Paul went on to emphasise that the show has a strong theme about misogyny. “Considering current discussions about how society treats women, there is that interesting point at the end of the piece turning on how acceptable it may or may not be to have a husband demanding of his wife that she behave in a particular way to support his ego in front of everyone they know. This makes for discomfort for a contemporary audience.  And yet Fred and Lily are also a real romance. They bicker and fight and hurt each other, but they also understand each other in ways no one else does. It’s even a potentially violent relationship in some ways, I feel. I haven’t seen any of that explored so much in other productions. Also the text of the contemporary part of the show allows Lily to have the upper hand as much as Fred does. There are moments when she takes control of him and what is going on and vice versa. It’s quite painful at the end when in both the surrounding play and the Shakespeare play she’s put into a position where she’s losing control. I want the audience to come out angry and affected by that rather than not address that major issue at the end of the piece. The backstage relationships come alive retroactively in a different way when you present that finale. For me the point about that moment in the play is to see the level of manipulation that has been put in place in order for Lily to have to say that speech. She has got to have been undermined to be put in that situation and she’s angry underneath it. Audiences today are more aligned than ever to what it all means. I’m convinced that Shakespeare was completely aware at that point of what he was doing and the ambiguities of his story. In this day and age it’s more apparent and more effective in the way it divides an audience.”

Paul went on to talk a bit about the second love story in the show. 

“The thing with the other major relationship is that they’re approaching it from the other side of the coin.
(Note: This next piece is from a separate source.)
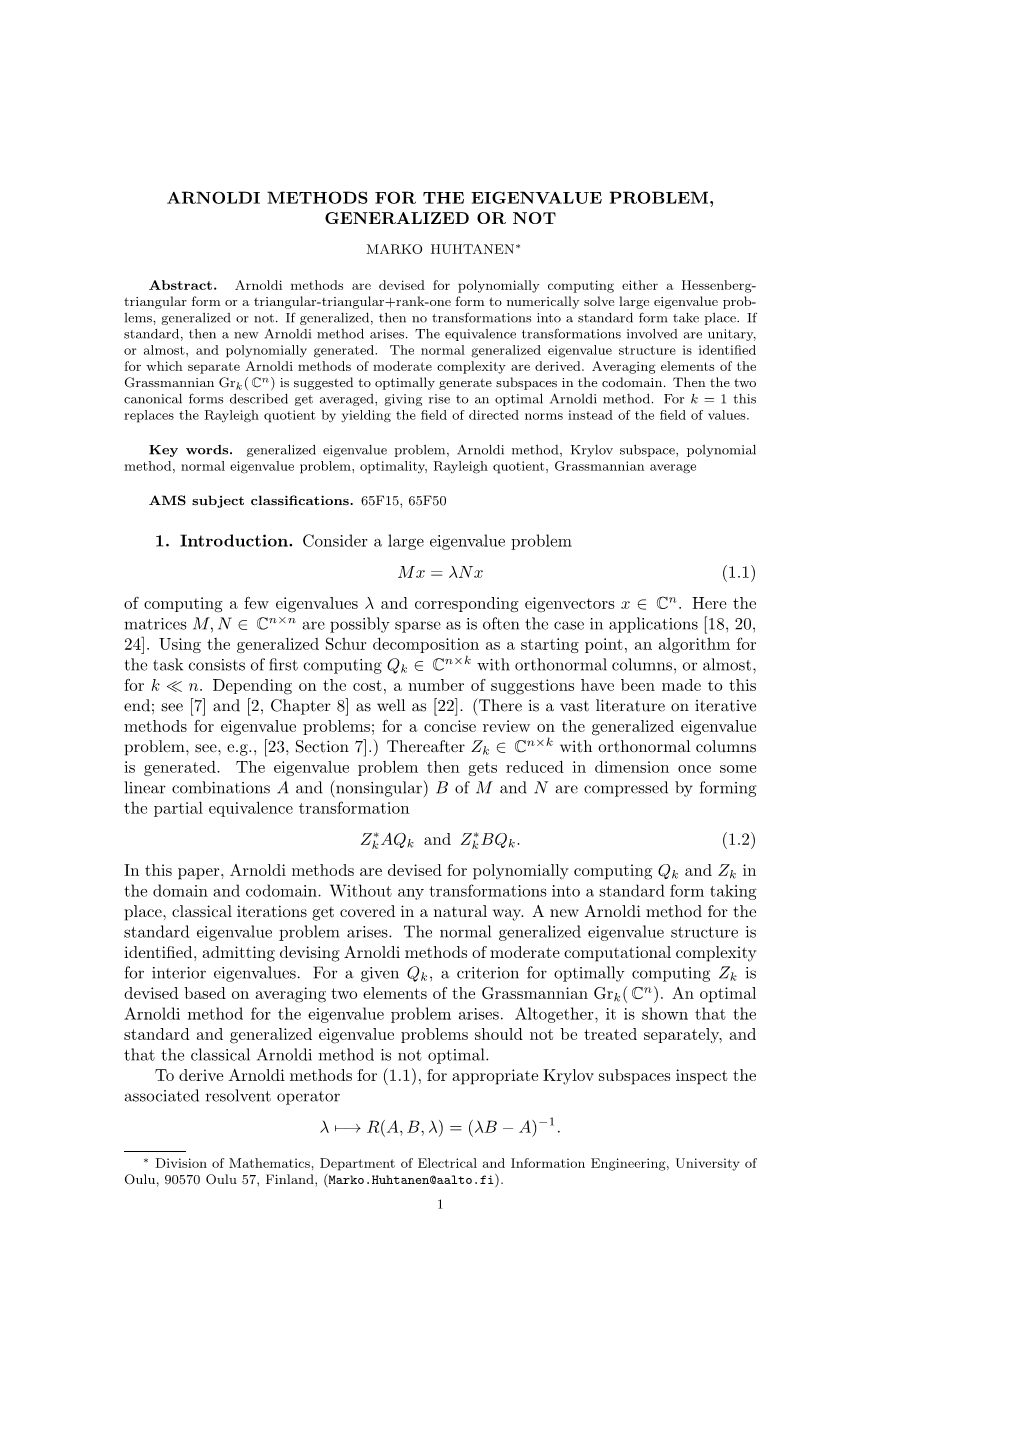 Arnoldi Methods for the Eigenvalue Problem, Generalized Or Not
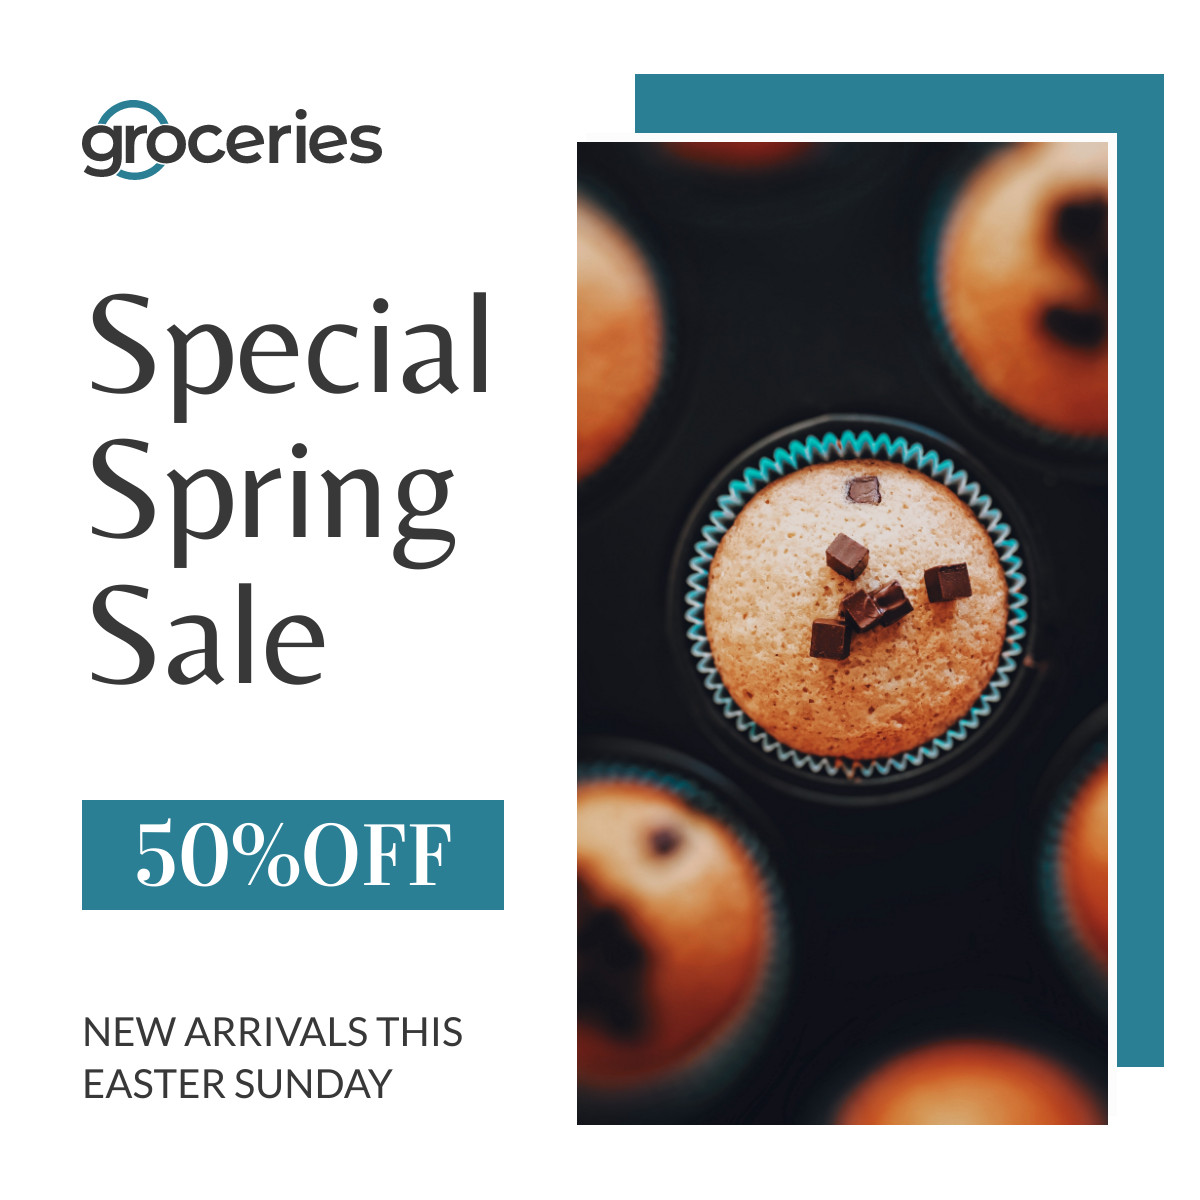 Special Muffin Spring Easter Sale Responsive Square Art 1200x1200

He’s a hoofer, they’ve played clubs. They’ve never had a real chance in legitimate theatre before. The writers, Sam and Bella Spewack, play into the idea that there’s an edge to the backstage world with gambling and those gangsters that turn up looking for the money for an IOU. We know the girl has slept her way to this point and she’s very flirtatious with Fred, so there’s that dynamic of the world we’re in. The gangsters are intricately connected to that world and are there in order to find Bill and get their money. These characters add to the sense that things backstage are not quite right, that nothing is safe in terms of how people live backstage. I’m impressed by what a clever device it is to have set that up and let the audience be a part of it in order to see how it all plays out. Exploring Kiss Me, Kate with a production that goes as far as possible with danger is very exciting. But above all I enjoy the brilliant mixing of different musical genres.” 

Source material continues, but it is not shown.